Your instructions:
The answer is a single number: the count of lines in the records below that contain the word "France".

[Entries taken from a collection]

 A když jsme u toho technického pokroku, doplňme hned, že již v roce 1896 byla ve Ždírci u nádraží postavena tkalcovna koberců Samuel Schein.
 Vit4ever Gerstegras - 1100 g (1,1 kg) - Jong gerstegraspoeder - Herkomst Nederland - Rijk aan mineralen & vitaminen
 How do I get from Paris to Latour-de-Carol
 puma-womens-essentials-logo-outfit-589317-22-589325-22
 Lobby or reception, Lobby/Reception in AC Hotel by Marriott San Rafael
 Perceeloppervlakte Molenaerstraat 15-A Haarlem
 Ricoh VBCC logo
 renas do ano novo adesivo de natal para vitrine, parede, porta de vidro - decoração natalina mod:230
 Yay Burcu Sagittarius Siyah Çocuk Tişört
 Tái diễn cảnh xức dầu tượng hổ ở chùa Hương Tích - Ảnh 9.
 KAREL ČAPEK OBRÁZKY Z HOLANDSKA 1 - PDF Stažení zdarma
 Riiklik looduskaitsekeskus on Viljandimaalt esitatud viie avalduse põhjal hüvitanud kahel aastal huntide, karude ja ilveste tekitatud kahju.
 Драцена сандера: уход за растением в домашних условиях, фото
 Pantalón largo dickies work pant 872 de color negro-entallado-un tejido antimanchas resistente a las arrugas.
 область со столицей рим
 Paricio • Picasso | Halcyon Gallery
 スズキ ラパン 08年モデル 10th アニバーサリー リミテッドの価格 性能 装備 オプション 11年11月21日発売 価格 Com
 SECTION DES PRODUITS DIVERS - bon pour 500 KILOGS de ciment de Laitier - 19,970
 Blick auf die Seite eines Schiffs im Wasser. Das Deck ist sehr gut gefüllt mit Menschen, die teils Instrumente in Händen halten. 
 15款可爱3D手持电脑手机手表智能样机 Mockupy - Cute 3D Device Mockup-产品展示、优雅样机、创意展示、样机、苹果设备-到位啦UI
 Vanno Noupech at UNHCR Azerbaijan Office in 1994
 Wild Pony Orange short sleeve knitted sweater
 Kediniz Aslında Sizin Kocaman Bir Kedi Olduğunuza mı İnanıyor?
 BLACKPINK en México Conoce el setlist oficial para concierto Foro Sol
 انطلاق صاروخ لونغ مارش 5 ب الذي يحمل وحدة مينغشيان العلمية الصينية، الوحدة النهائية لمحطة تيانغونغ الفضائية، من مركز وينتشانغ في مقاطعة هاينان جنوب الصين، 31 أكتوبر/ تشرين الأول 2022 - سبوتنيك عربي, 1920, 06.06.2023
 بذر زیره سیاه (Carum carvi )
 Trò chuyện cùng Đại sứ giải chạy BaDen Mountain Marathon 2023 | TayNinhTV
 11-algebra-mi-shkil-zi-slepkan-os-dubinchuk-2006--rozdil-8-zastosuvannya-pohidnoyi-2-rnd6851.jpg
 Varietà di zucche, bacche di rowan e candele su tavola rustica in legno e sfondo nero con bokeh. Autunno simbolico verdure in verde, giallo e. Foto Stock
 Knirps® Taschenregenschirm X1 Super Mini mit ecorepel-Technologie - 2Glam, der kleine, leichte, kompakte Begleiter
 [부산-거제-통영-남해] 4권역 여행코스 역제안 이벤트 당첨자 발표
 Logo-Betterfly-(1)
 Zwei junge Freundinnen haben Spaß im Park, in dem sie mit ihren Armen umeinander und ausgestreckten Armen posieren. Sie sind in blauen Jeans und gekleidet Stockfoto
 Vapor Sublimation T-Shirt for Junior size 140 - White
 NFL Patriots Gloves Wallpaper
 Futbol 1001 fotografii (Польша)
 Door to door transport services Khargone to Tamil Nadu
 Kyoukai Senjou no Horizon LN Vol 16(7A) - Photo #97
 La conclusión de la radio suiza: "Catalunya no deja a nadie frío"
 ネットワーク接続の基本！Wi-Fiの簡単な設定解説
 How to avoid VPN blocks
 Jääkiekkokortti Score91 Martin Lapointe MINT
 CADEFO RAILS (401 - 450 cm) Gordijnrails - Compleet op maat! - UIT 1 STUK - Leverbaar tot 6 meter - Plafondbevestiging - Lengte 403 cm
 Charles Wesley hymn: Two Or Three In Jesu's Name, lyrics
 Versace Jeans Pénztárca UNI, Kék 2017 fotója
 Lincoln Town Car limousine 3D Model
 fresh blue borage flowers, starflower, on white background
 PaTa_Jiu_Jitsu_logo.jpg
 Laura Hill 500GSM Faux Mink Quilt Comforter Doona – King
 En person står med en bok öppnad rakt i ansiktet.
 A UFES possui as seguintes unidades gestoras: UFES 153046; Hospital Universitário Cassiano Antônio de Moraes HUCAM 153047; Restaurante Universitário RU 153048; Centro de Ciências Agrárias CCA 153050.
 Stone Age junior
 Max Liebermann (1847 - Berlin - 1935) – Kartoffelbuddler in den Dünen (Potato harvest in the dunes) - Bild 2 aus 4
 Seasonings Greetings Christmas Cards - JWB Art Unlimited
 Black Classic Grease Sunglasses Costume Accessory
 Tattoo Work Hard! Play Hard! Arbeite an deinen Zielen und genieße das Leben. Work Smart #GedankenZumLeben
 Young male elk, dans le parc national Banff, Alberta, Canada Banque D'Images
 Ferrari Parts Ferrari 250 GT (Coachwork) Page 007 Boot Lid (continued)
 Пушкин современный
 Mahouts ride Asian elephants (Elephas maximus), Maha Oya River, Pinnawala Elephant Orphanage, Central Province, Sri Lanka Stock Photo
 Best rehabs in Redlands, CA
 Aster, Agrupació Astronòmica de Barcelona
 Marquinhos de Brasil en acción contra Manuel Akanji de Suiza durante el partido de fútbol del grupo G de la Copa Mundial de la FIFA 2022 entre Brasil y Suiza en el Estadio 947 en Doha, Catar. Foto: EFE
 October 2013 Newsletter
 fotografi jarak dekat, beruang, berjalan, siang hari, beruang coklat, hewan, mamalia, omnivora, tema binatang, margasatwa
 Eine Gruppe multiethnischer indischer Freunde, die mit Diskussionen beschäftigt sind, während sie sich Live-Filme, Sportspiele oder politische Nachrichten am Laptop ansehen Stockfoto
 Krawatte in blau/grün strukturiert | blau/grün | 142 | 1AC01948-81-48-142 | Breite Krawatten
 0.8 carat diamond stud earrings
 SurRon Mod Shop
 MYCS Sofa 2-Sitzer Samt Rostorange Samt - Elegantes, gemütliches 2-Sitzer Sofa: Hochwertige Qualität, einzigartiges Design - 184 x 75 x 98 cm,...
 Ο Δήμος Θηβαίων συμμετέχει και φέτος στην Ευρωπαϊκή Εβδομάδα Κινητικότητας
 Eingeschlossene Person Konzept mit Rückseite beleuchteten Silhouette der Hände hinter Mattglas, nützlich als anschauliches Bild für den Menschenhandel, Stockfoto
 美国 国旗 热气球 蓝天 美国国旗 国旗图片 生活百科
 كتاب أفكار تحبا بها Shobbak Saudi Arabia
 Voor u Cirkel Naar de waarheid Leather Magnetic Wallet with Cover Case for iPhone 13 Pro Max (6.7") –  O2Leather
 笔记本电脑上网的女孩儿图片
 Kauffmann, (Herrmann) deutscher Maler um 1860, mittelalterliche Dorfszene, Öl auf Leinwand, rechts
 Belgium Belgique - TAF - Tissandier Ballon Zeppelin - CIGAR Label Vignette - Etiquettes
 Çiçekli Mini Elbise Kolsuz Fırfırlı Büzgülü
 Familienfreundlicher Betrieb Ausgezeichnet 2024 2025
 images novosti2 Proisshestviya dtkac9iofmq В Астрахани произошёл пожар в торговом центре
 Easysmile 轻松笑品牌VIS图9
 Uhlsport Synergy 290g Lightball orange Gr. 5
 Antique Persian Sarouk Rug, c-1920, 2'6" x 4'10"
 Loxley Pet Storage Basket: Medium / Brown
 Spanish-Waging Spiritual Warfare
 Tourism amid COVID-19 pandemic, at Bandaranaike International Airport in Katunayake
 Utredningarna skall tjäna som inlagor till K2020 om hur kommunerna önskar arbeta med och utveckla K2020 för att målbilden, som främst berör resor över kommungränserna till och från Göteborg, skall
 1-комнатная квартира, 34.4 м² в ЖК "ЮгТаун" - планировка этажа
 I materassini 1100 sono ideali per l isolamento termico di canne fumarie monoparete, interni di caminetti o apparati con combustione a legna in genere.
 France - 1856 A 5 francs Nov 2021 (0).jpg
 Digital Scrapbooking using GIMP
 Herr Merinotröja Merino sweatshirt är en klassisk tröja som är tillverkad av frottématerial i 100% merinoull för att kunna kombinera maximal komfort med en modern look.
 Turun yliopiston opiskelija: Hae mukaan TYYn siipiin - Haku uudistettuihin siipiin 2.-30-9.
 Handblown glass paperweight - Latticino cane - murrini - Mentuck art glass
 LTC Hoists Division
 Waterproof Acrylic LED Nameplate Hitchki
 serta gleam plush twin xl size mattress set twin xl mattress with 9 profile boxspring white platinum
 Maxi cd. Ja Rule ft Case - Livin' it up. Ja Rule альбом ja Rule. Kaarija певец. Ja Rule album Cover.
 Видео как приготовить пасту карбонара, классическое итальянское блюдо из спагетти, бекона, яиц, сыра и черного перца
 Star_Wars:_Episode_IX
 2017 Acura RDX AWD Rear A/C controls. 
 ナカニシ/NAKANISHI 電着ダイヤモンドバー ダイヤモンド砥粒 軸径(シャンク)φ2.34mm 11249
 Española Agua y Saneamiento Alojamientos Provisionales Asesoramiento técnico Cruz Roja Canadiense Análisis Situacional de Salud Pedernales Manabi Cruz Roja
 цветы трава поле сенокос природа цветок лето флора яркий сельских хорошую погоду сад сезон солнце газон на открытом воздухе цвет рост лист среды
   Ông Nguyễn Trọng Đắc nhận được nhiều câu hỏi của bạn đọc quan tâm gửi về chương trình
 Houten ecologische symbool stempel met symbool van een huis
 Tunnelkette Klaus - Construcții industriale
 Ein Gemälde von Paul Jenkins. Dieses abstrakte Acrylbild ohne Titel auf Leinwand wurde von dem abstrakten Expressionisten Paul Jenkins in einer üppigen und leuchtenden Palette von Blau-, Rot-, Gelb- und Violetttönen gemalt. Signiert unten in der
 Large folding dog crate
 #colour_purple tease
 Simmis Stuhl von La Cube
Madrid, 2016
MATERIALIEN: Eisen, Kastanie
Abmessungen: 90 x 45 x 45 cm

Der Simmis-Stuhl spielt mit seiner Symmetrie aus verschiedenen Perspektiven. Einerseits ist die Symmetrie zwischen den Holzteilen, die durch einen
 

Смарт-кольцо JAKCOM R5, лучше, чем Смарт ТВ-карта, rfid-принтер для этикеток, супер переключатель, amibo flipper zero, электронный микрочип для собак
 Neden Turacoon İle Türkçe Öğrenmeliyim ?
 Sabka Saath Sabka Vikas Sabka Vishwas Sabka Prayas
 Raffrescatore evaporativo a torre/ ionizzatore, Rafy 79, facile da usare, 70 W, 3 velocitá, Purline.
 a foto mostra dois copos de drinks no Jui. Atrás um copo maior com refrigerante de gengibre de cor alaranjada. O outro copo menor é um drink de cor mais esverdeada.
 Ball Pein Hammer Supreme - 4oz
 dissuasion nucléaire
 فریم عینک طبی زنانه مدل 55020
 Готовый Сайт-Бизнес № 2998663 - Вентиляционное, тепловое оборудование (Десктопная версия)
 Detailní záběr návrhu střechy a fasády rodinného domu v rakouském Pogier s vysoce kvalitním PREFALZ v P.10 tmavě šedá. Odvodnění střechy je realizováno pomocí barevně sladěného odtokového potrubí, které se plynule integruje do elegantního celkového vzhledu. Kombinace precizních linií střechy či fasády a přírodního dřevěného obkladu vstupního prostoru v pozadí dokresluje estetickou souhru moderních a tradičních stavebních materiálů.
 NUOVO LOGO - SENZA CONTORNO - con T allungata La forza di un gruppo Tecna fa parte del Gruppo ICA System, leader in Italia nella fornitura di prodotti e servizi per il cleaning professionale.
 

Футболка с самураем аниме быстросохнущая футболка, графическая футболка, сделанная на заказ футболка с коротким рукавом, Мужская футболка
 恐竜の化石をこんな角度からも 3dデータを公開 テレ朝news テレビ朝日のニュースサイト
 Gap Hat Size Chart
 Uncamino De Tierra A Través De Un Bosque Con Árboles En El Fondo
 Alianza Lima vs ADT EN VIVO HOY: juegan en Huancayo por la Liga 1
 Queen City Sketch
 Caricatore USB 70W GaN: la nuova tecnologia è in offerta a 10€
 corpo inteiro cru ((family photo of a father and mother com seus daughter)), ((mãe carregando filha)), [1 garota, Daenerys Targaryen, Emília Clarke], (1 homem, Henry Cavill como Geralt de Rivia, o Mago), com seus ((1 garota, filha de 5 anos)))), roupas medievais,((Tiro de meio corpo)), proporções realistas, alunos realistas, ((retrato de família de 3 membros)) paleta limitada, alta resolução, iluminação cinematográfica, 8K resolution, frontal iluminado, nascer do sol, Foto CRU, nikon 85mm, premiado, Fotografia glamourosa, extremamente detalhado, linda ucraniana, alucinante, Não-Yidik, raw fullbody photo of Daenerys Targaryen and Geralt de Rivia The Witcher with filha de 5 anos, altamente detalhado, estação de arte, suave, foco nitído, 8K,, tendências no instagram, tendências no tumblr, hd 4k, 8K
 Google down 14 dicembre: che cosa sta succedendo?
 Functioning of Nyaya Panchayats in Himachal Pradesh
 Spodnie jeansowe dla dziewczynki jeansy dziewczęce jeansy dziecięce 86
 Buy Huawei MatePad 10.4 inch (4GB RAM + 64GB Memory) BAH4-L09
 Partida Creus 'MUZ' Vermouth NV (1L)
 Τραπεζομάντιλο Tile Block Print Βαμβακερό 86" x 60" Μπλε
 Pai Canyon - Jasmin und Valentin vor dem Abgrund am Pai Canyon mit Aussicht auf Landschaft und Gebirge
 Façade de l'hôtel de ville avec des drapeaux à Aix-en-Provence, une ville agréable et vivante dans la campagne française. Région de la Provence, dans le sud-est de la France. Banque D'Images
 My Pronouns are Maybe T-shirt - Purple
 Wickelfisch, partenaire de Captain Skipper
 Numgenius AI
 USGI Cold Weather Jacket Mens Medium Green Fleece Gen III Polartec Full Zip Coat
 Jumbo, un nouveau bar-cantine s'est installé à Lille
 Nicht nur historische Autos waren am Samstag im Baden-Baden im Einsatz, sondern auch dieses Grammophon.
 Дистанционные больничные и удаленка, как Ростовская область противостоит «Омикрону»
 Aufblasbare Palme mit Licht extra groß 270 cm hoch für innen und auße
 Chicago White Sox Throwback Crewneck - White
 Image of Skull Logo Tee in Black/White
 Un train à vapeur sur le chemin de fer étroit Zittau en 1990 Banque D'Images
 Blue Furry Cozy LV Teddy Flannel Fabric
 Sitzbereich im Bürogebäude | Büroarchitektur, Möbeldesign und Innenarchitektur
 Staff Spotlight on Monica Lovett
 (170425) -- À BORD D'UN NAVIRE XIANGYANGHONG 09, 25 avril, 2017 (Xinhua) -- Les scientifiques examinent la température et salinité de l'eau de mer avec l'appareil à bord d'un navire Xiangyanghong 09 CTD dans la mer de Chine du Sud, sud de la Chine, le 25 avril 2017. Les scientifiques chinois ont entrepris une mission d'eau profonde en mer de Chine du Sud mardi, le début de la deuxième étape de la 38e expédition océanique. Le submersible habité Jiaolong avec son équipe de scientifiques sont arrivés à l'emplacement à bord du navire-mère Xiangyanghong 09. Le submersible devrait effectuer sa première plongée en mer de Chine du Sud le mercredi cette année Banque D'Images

Task response:
2